A second issue is that academic researchers are often “naïve” when it comes to the requirements that regulatory agencies ask to approve new treatments. My suggestion to the new generation of researchers is to start from the beginning to learn the requirements in terms of laboratory practice (GLP), manufacturing practice (GMP) and clinical practice (GCP). For example, EMA runs lots of training courses which would be very helpful for academics, as being aware of these standards would speed up the process of translating research to the market.
What is your role within Orchard as Chief Medical Officer?
As CMO, I am responsible for the clinical development team, all the clinical platforms that are in our pipeline and clinical operations, including safety and pharmacovigilance.
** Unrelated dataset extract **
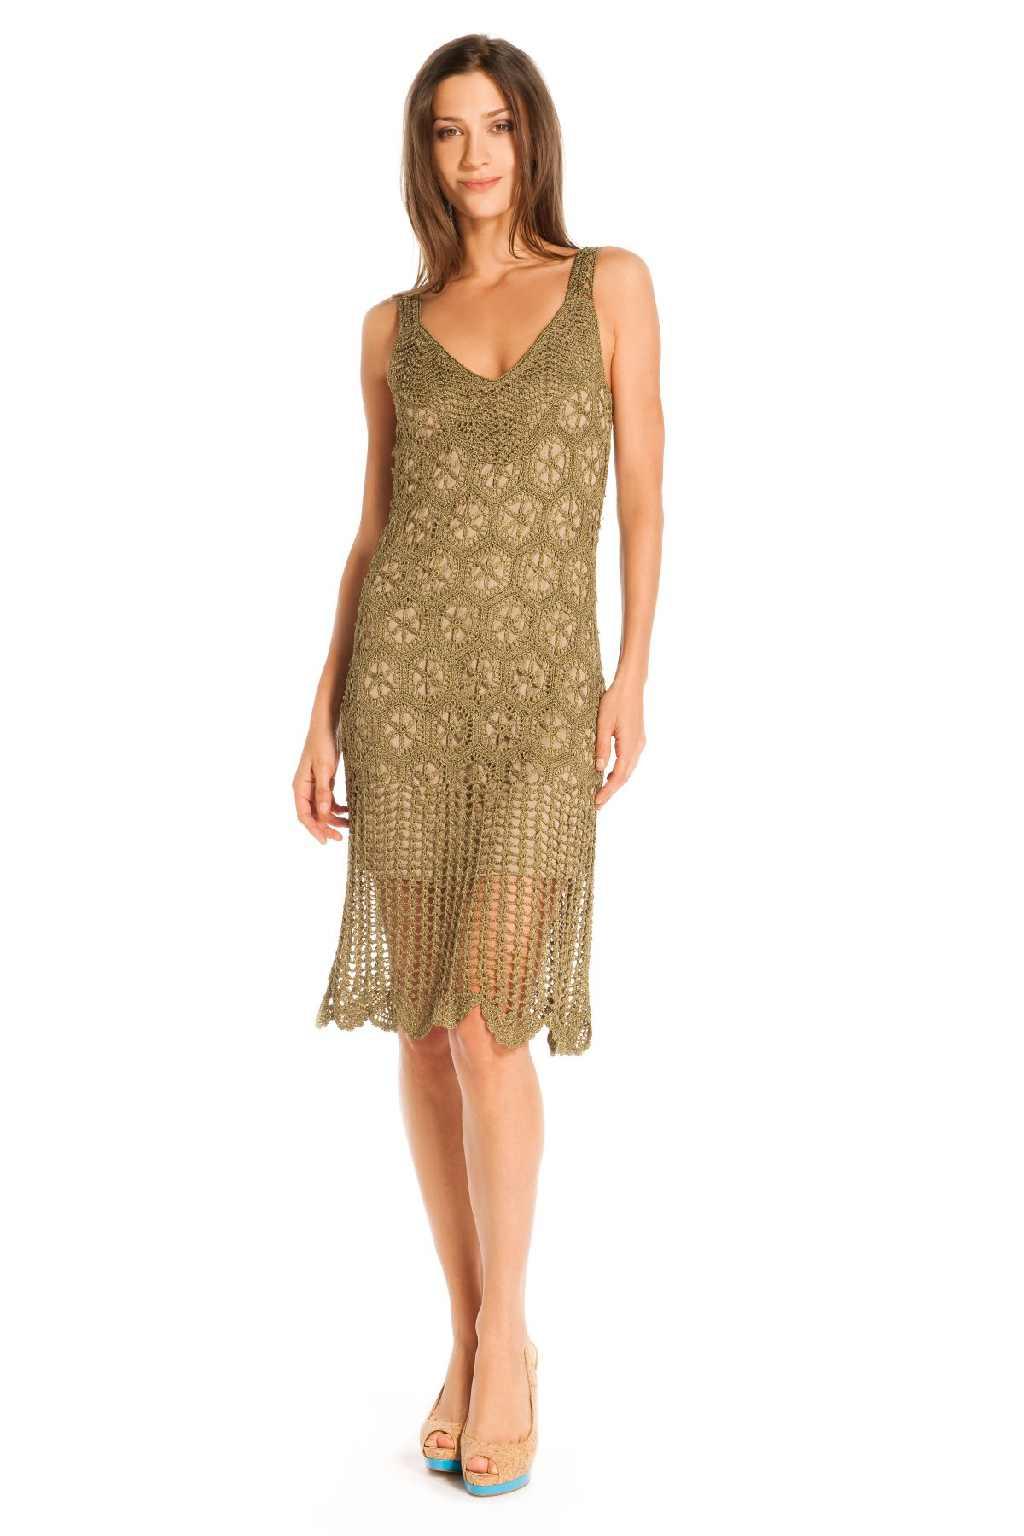 Crinochet Beautiful Crochet Dresses For Inspiration

I am the final person responsible for everything that goes to regulatory agencies, both in terms of efficacy and safety.
Moreover, I am involved in all business development activities, therefore I am in charge of exploring new diseases to target and to expand the company’s pipeline. I also represent the company at external forums, and when it comes to fundraising and when looking for new investors to keep the business going.
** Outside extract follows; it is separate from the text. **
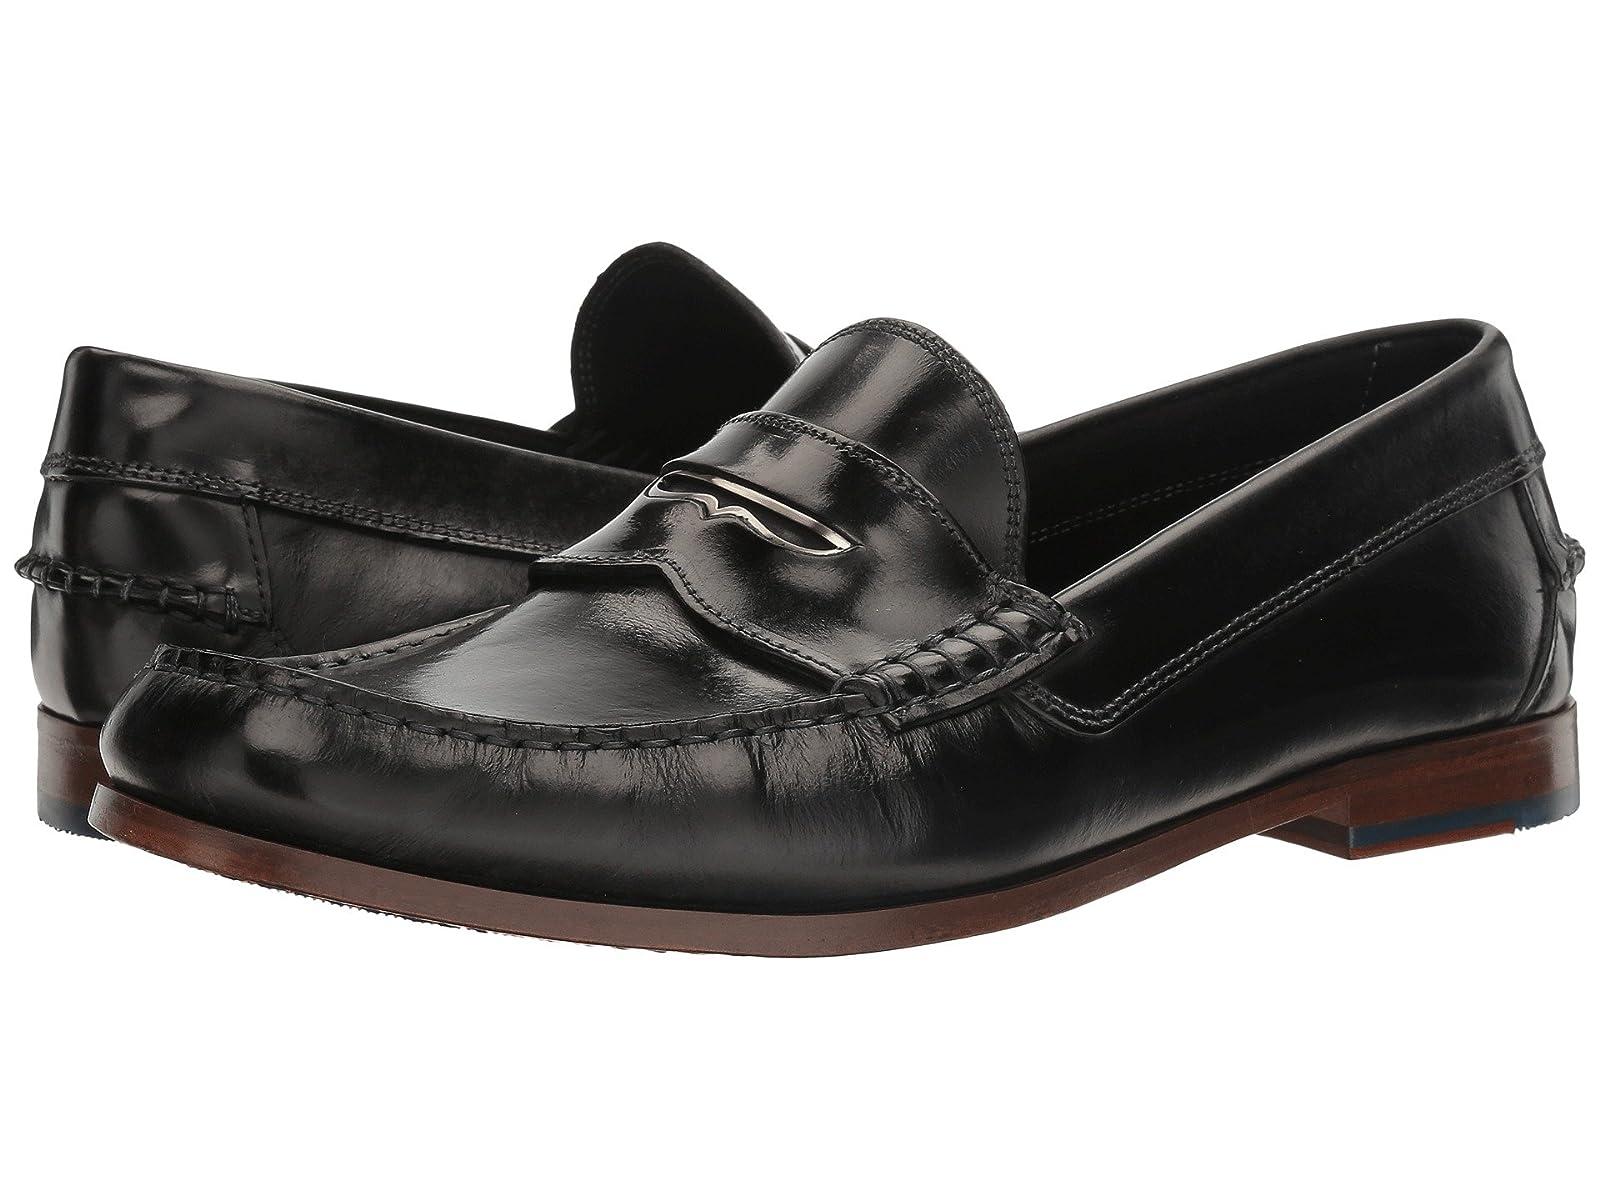 Donald J Pliner NataleCheap and distinctive eye-catching shoes

You worked for several years in big pharma companies such as GSK and Takeda. What do you reckon are the main differences with a small biotech company?
Companies like GSK and Takeda have lots of resources and expertise. In such a company, it is possible to gain experience through several training opportunities which would not be possible in a small biotech. On the other hand, since they are so big, it is more difficult to work on niche markets. From this perspective, a small biotech is more dynamic, and collaboration with academia is easier and more flexible.
Moreover, as the structure is “flat”, as opposed to big companies which are more hierarchical, you can get exposed to many aspects of management and business development from the start, while in big companies this happens only at a senior level.
You worked for several years as a paediatrician before moving to a company. What drew you to move to industry?
For me it was frustrating to see patients which could not access the best treatments available, only because they were not close enough to key hospitals. By moving to industry, I felt like my skills could impact a much bigger population and help patients all around the world to benefit from the breakthrough scientific ideas that we translate into products that could change their lives.
What would be your suggestion to young researchers who want to move to industry?
My first piece of advice would be to understand the differences between academia and industry. In academia, budgeting, project management and timelines are often underestimated. Understanding these requirements is pivotal when working in industry. Understanding requirements of regulatory agencies (FDA and EMA) is also equally important.
What would be your advice for future entrepreneurs and leaders?
To be an entrepreneur requires many skills, just having an idea – even a good one – is not enough. First of all, a leader has to be prepared and understand project management and regulations. But being a leader is not only this. A good leader must be able to navigate different disciplines; a combination of various skills is required: retaining talent, inspiring people and helping them to work on their strengths and manage their weaknesses individually and as a team, absorbing and buffering insecurities within your team, being resilient and driving the team to achieve set goals. Moreover, a leader has to adapt to the different stages of the company, as it grows bigger, changes over time and becomes more complex. Adaptability, focus, resilience, team work and energy are key to success.